◆ Data extract:
· · · ·
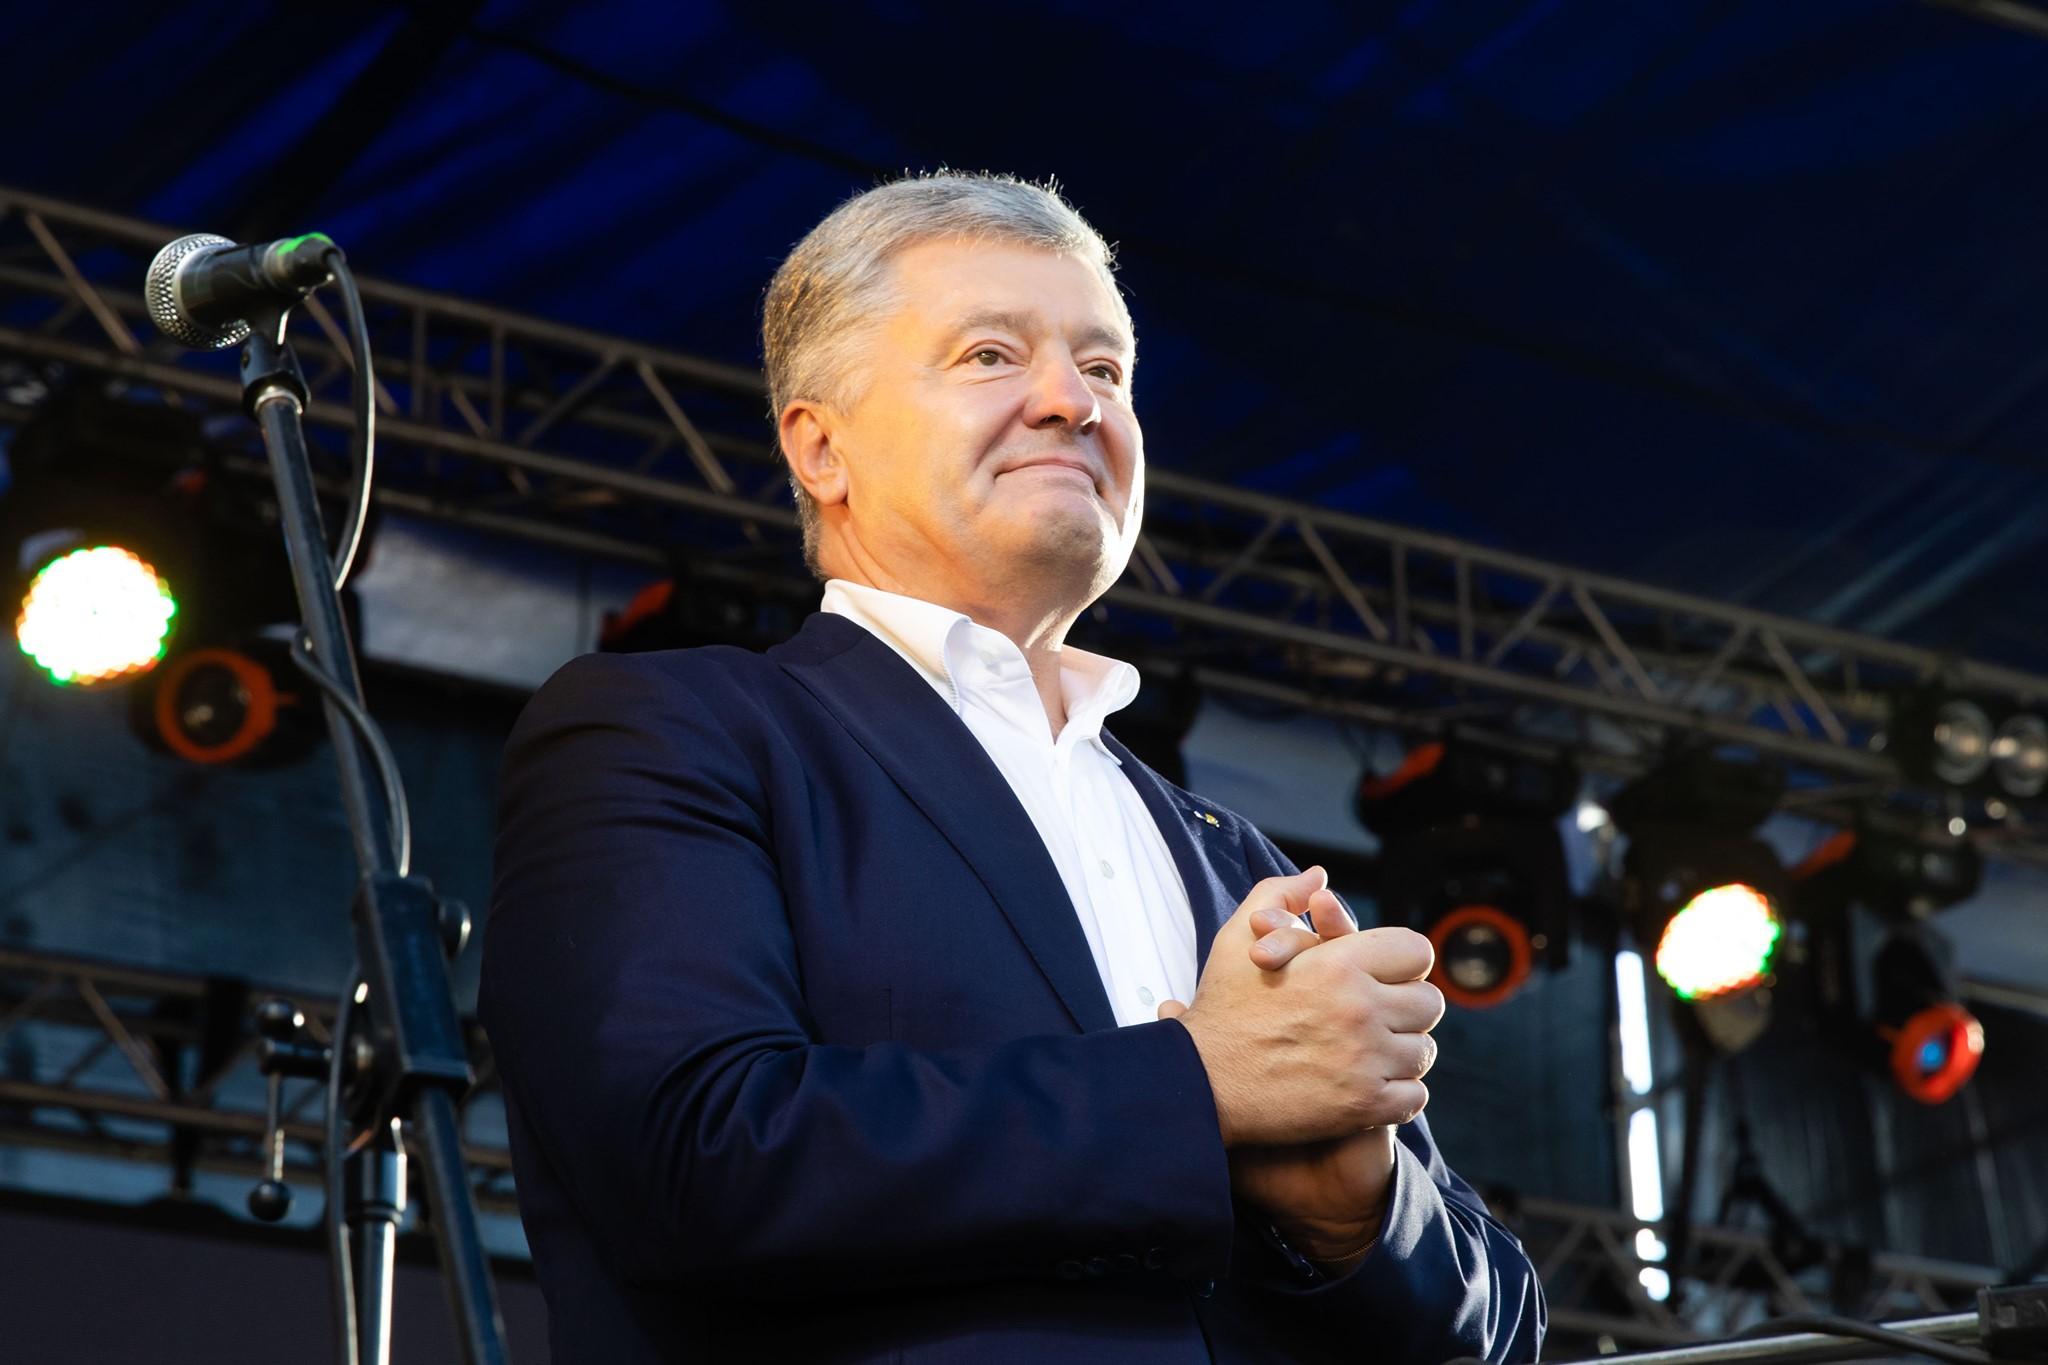 Зеленский снова врёт: Порошенко счёл чёрным пиаром обвинения в сговоре с Медведчуком
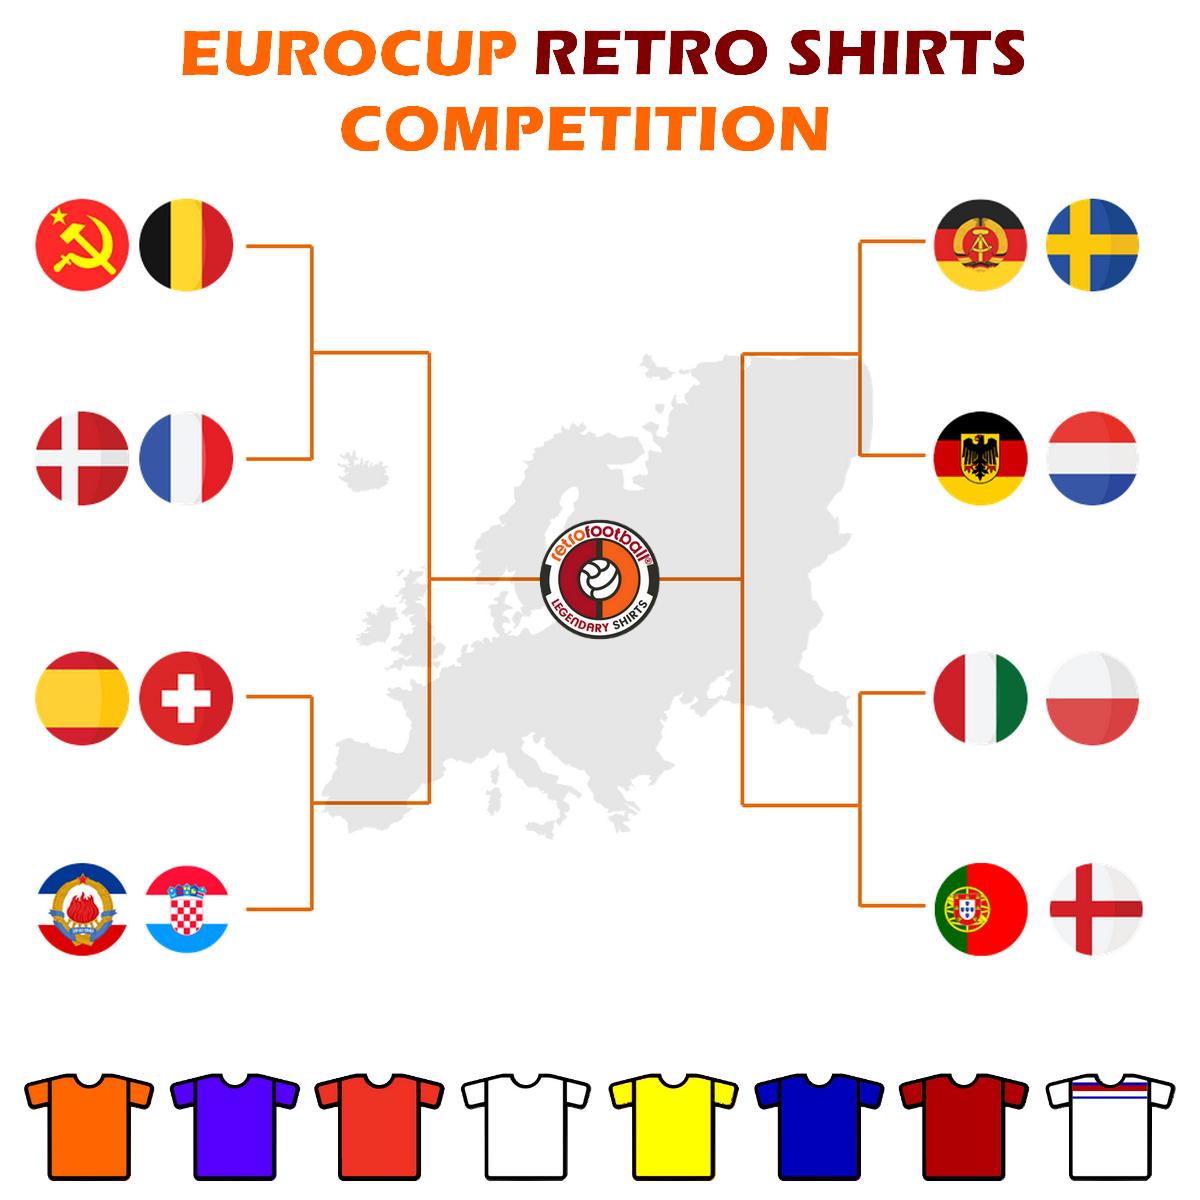 Eurocopa 2020 Retrofootball - Cuadro de partidos
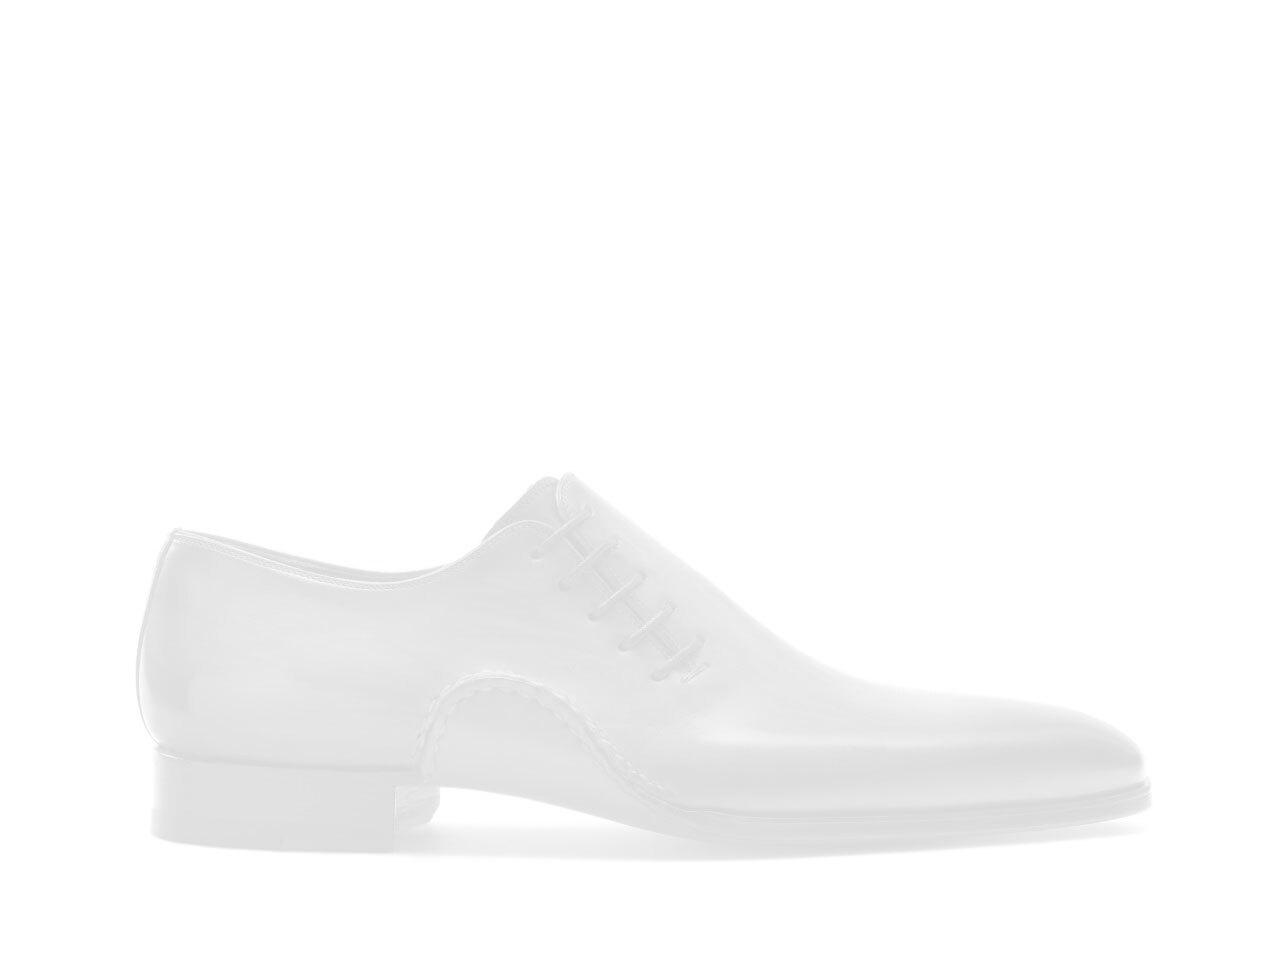 9a7ea81a6b1 Navy blue suede tassel loafer shoes for men - Magnanni
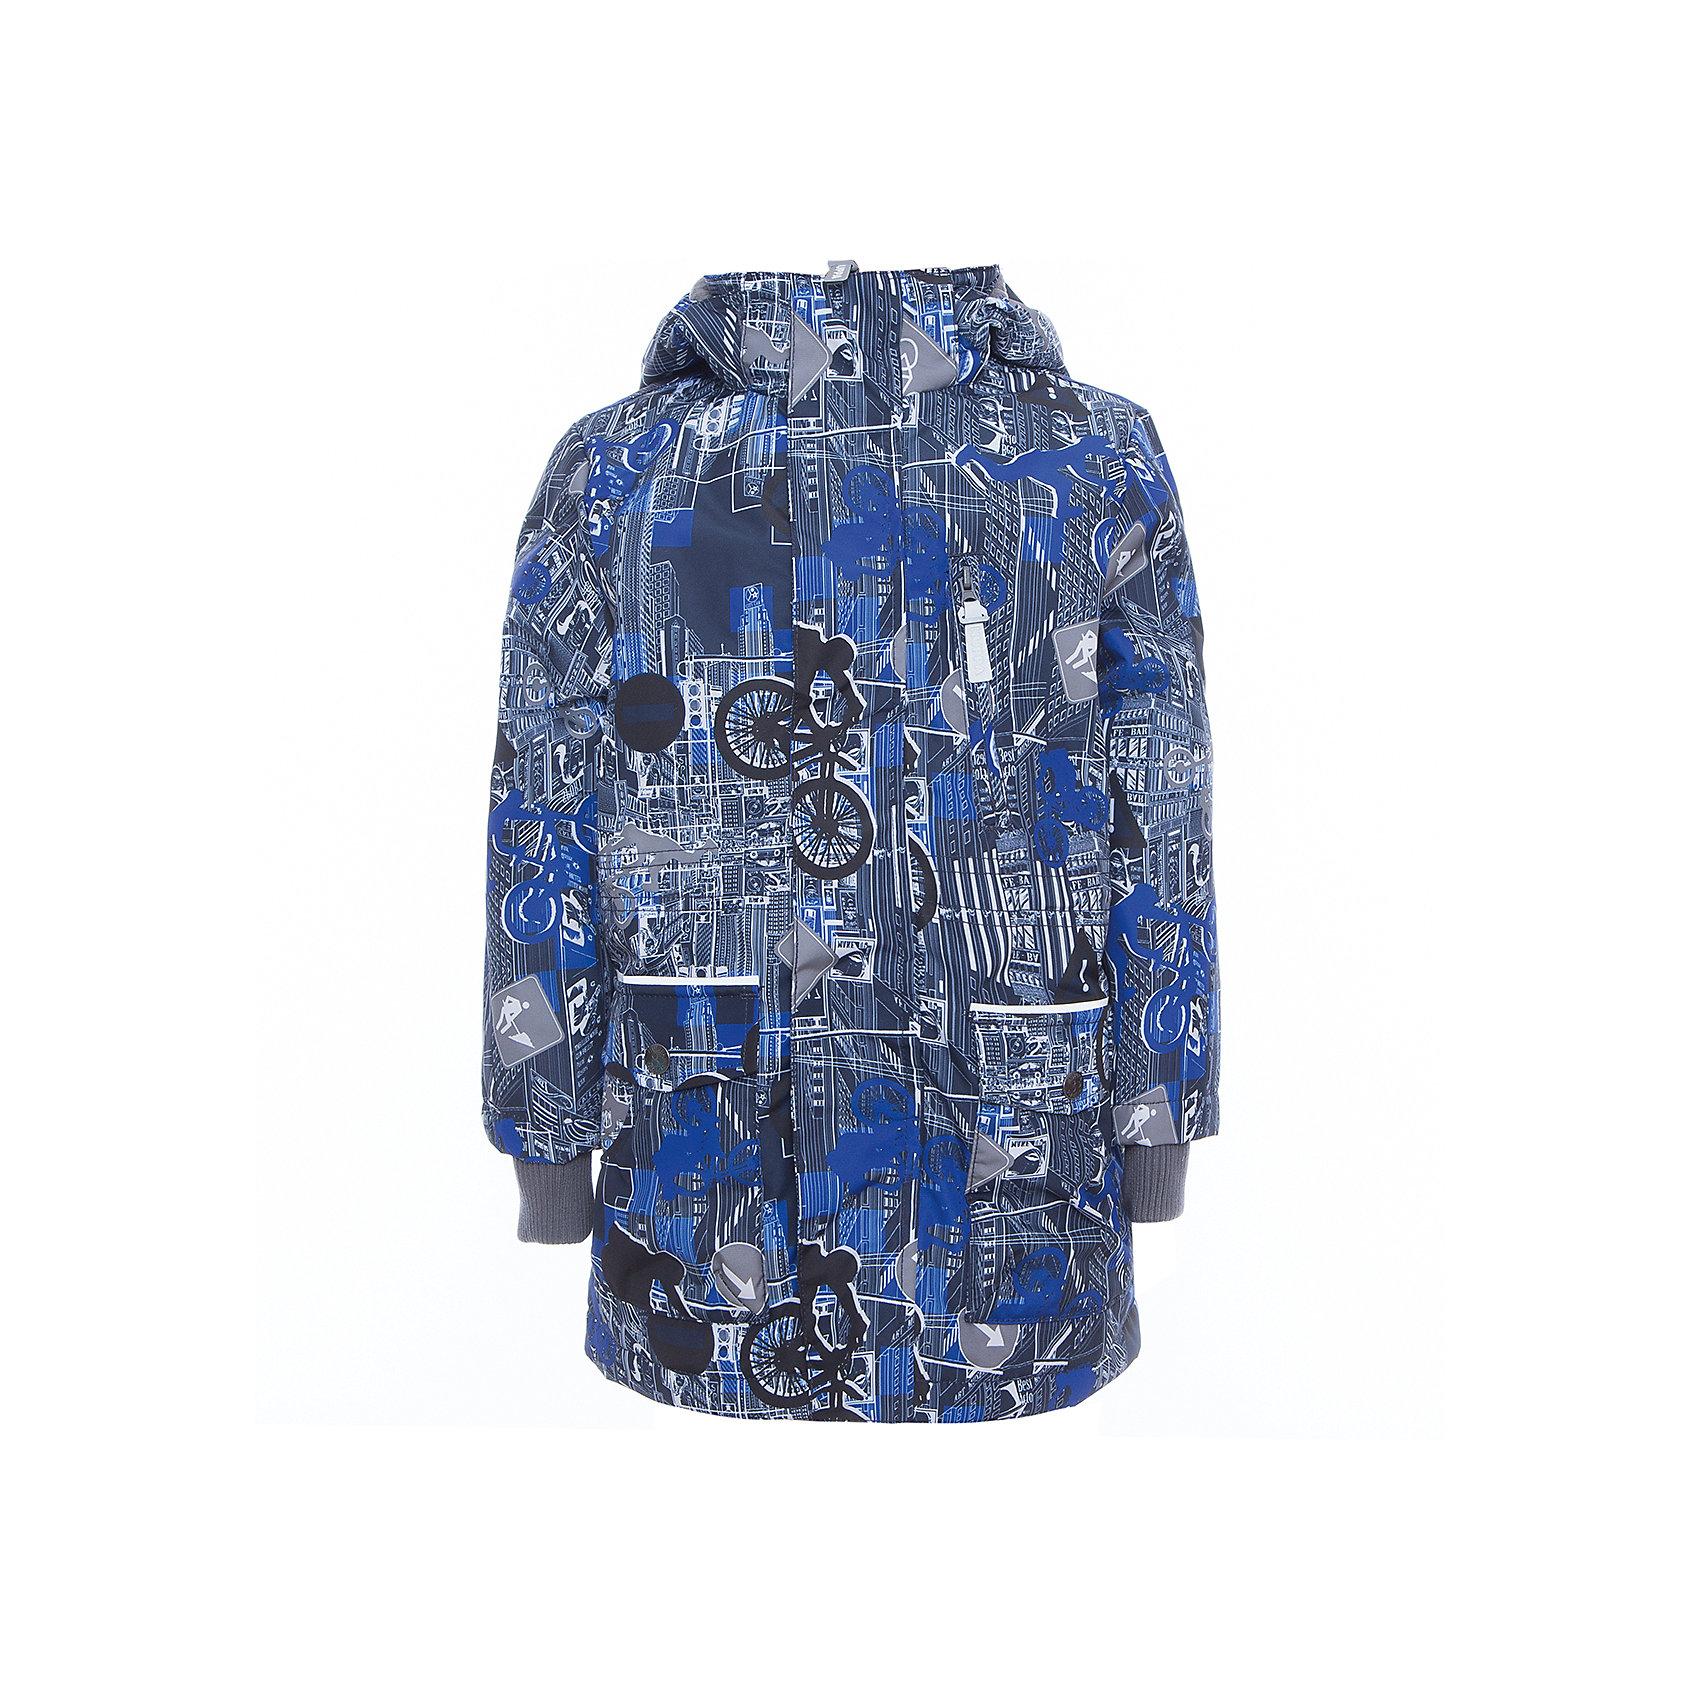 Куртка для мальчика ROLF HuppaВерхняя одежда<br>Характеристики товара:<br><br>• цвет: синий принт<br>• ткань: 100% полиэстер<br>• подкладка: тафта - 100% полиэстер<br>• утеплитель: 100% полиэстер 100 г<br>• температурный режим: от -5°С до +10°С<br>• водонепроницаемость: 10000 мм<br>• воздухопроницаемость: 10000 мм<br>• светоотражающие детали<br>• эластичные манжеты<br>• молния<br>• плечевые швы проклеены<br>• карманы на молнии<br>• эластичный шнур + фиксатор<br>• съёмный капюшон с резинкой<br>• внутренние вязаные манжеты<br>• комфортная посадка<br>• коллекция: весна-лето 2017<br>• страна бренда: Эстония<br><br>Эта стильная куртка обеспечит детям тепло и комфорт. Она сделана из материала, отталкивающего воду, и дополнено подкладкой с утеплителем, поэтому изделие идеально подходит для межсезонья. Материал изделия - с мембранной технологией: защищая от влаги и ветра, он легко выводит лишнюю влагу наружу. Для удобства сделан капюшон. Куртка очень симпатично смотрится, яркая расцветка и крой добавляют ему оригинальности. Модель была разработана специально для детей.<br><br>Одежда и обувь от популярного эстонского бренда Huppa - отличный вариант одеть ребенка можно и комфортно. Вещи, выпускаемые компанией, качественные, продуманные и очень удобные. Для производства изделий используются только безопасные для детей материалы. Продукция от Huppa порадует и детей, и их родителей!<br><br>Куртку для мальчика ROLF от бренда Huppa (Хуппа) можно купить в нашем интернет-магазине.<br><br>Ширина мм: 356<br>Глубина мм: 10<br>Высота мм: 245<br>Вес г: 519<br>Цвет: синий<br>Возраст от месяцев: 36<br>Возраст до месяцев: 48<br>Пол: Мужской<br>Возраст: Детский<br>Размер: 104,110,116,122,128,134,140,146,152,158<br>SKU: 5347099
· · · ·
◆ Exercise details:
Everything in the material above is to be reproduced exactly, pictures aside.

◆ Exercise response:
 Зеленский снова врёт: Порошенко счёл чёрным пиаром обвинения в сговоре с Медведчуком
 Eurocopa 2020 Retrofootball - Cuadro de partidos
 9a7ea81a6b1 Navy blue suede tassel loafer shoes for men - Magnanni
 Куртка для мальчика ROLF HuppaВерхняя одежда<br>Характеристики товара:<br><br>• цвет: синий принт<br>• ткань: 100% полиэстер<br>• подкладка: тафта - 100% полиэстер<br>• утеплитель: 100% полиэстер 100 г<br>• температурный режим: от -5°С до +10°С<br>• водонепроницаемость: 10000 мм<br>• воздухопроницаемость: 10000 мм<br>• светоотражающие детали<br>• эластичные манжеты<br>• молния<br>• плечевые швы проклеены<br>• карманы на молнии<br>• эластичный шнур + фиксатор<br>• съёмный капюшон с резинкой<br>• внутренние вязаные манжеты<br>• комфортная посадка<br>• коллекция: весна-лето 2017<br>• страна бренда: Эстония<br><br>Эта стильная куртка обеспечит детям тепло и комфорт. Она сделана из материала, отталкивающего воду, и дополнено подкладкой с утеплителем, поэтому изделие идеально подходит для межсезонья. Материал изделия - с мембранной технологией: защищая от влаги и ветра, он легко выводит лишнюю влагу наружу. Для удобства сделан капюшон. Куртка очень симпатично смотрится, яркая расцветка и крой добавляют ему оригинальности. Модель была разработана специально для детей.<br><br>Одежда и обувь от популярного эстонского бренда Huppa - отличный вариант одеть ребенка можно и комфортно. Вещи, выпускаемые компанией, качественные, продуманные и очень удобные. Для производства изделий используются только безопасные для детей материалы. Продукция от Huppa порадует и детей, и их родителей!<br><br>Куртку для мальчика ROLF от бренда Huppa (Хуппа) можно купить в нашем интернет-магазине.<br><br>Ширина мм: 356<br>Глубина мм: 10<br>Высота мм: 245<br>Вес г: 519<br>Цвет: синий<br>Возраст от месяцев: 36<br>Возраст до месяцев: 48<br>Пол: Мужской<br>Возраст: Детский<br>Размер: 104,110,116,122,128,134,140,146,152,158<br>SKU: 5347099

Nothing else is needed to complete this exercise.